If you purchased a physical copy of Shaq Fu: A Legend Reborn, you were met with a surprise. Barack Fu: The Adventures of Dirty Barry. Yes, really. We fact-checked this. It's not parody. It's real. It's why we woke up this morning.

I'm guessing this is a tongue-in-cheek homage. But really, if you were to make a video game mocking the former president, how different would it be?

Some fool has been icing celebrities and he ain’t slowing down. When the fuzz can’t crack the case and the private dicks don’t have a clue, Dirty Barry gets the call. Jet to Paris and even outer space, battling crazy bosses and their mad minions as the ex-POTUS-on-notice dispenses justice for all."

Not to interrupt this spectacular collection of words, but Barack Obama was once referred to, seriously, as the Preezy of the United Steezy when he appeared on Jimmy Fallon to "slow jam" the news. Okay?

  • Battle fashionistas, politicians, robots, clones, hackers, flying derrières, and rappers with your raw fists and smoking hot lead.
  • Call in a “Peace Prize” drone strike to flatten your foes in an instant.
  • Slip into Dirty Barry mode and rack up a killstreak with your handy assault rifle and an abundant supply of grenades.
  • Take out the bad guys from a distance with a variety of firearms, including a shotgun, railgun, and machine gun.
  • String together power moves like the Barack ‘n Rolla and South Side Smash to create devastating combos.

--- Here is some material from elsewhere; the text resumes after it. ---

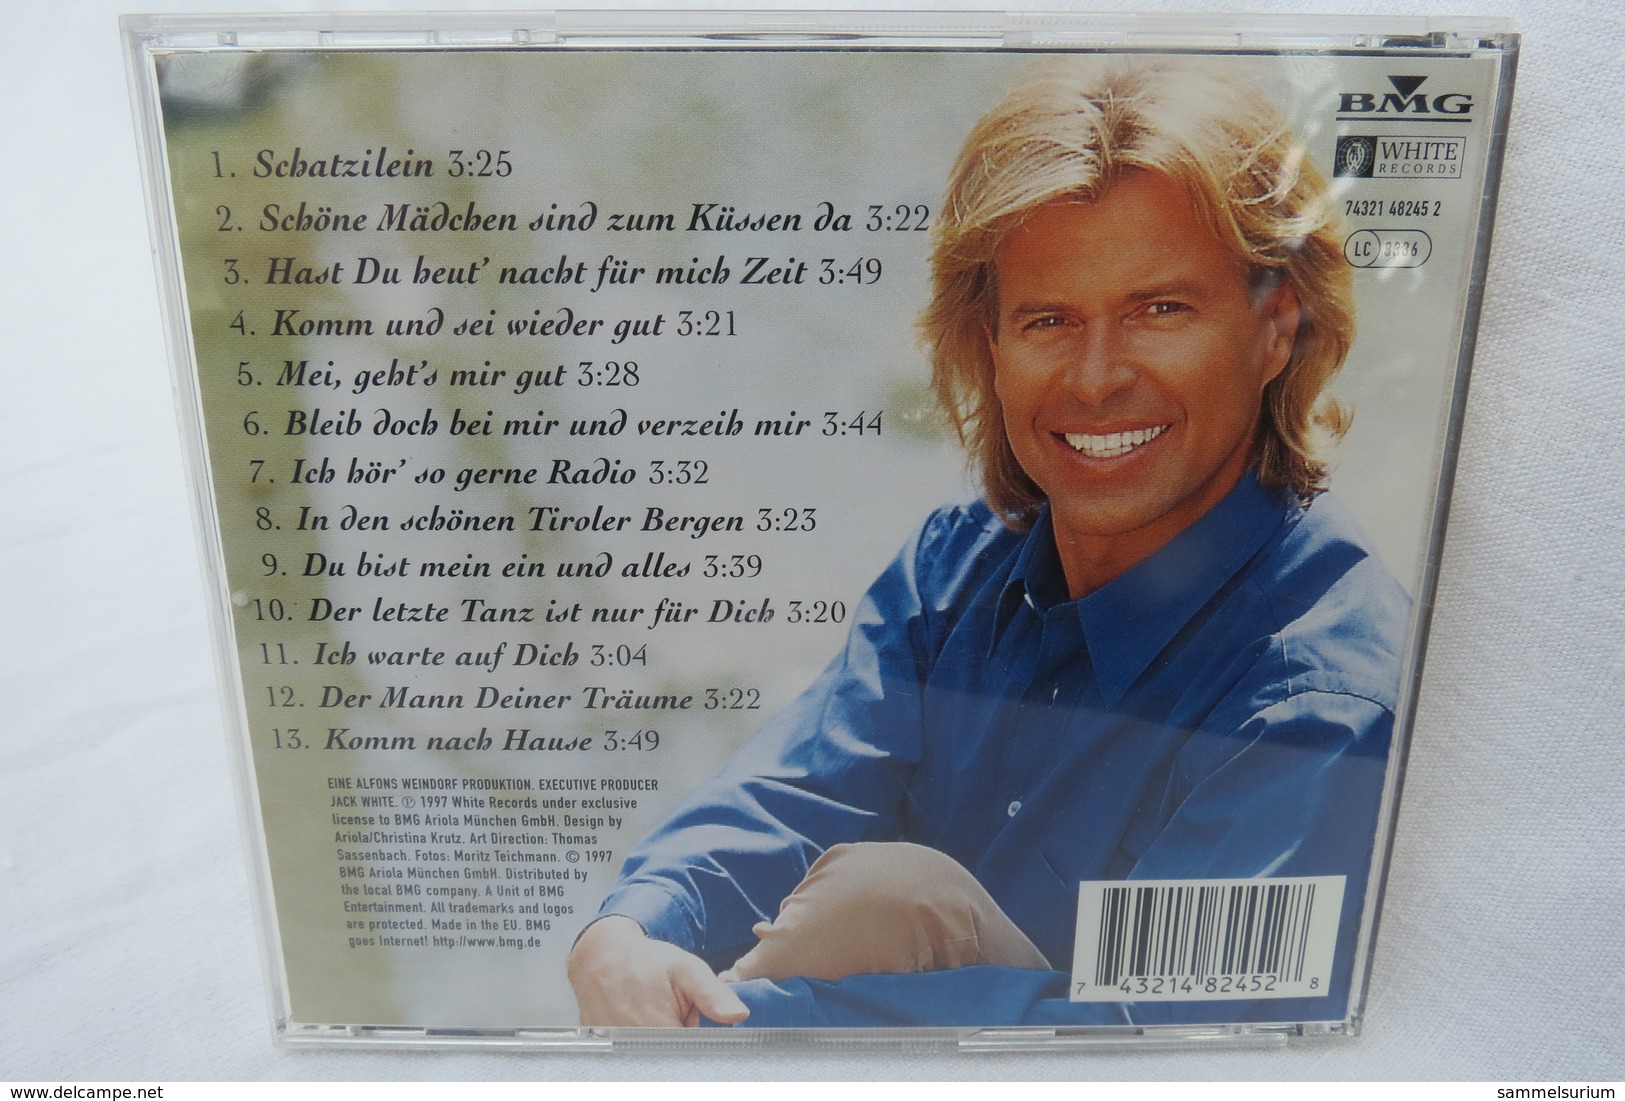 CD "Hansi Hinterseer" Ich Warte Auf Dich - Sonstige - Deutsche Musik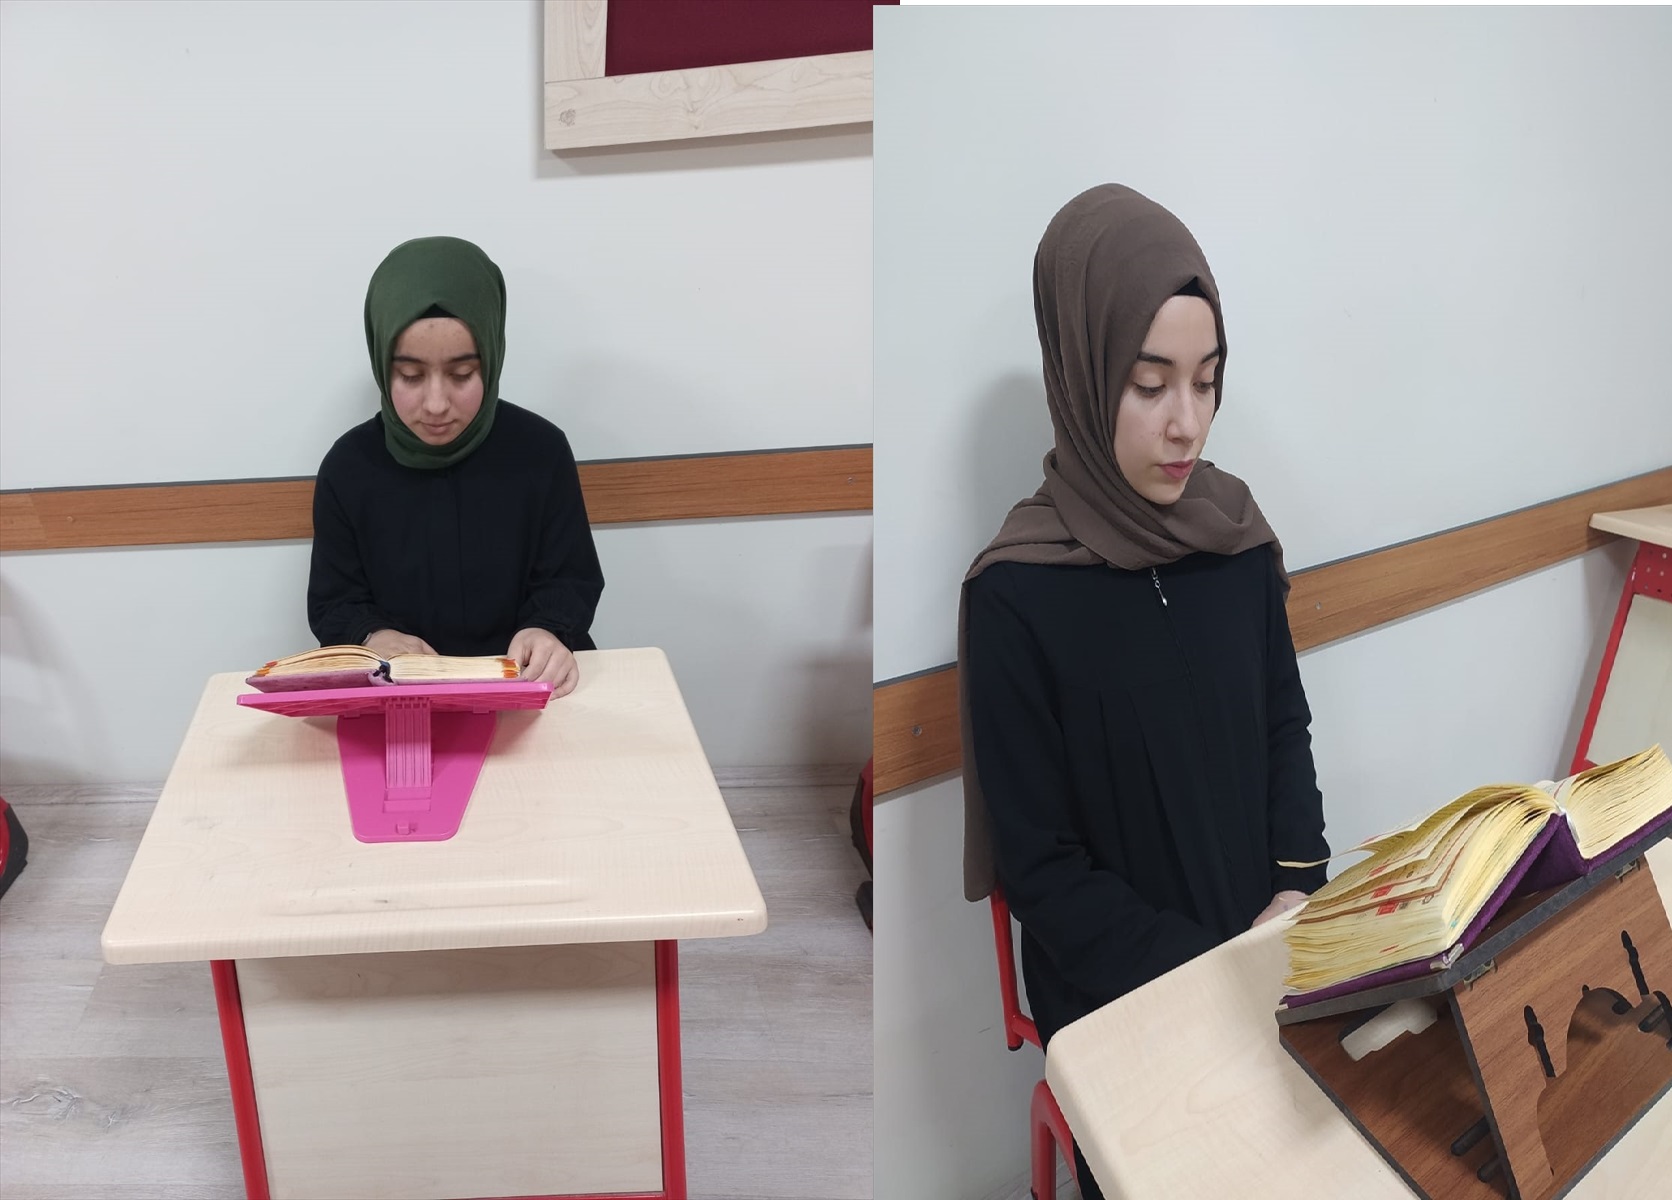 Konya'da iki genç kız 6 ayda Kur'an-ı Kerimi ezberledi

Rumor has it this is the "training" level:

That angry lift face, tho.

Our favorite detail is Barack Obama with an assault rifle. We hear he's named the gun "Giggles." Though if you go left-right-left-right-up-down-up-down-B-A-start on your control, David Hogg rollerblades to the scene. Then lectures Dirty Barry about the NRA. Unconfirmed, but if you hit the start button three times, Dana Loesch appears in a leather jacket to sweep the legs.

I believe there's also an Easter egg hidden under a bridge you didn't build. Where all doctors you were told you could keep if you liked them are tied up in a warehouse. Nancy Pelosi awaits you as the stupid villain who never goes away. She's protected by MS-13 and plastic surgeons armed with nothing but botox needles. Rumor is just as you think you've taken her down with the "Reality Shield" a doctor injects her forehead and she's reborn.

Or maybe I'm confusing that level with Hillary's level. Swipe right with a cloth or something.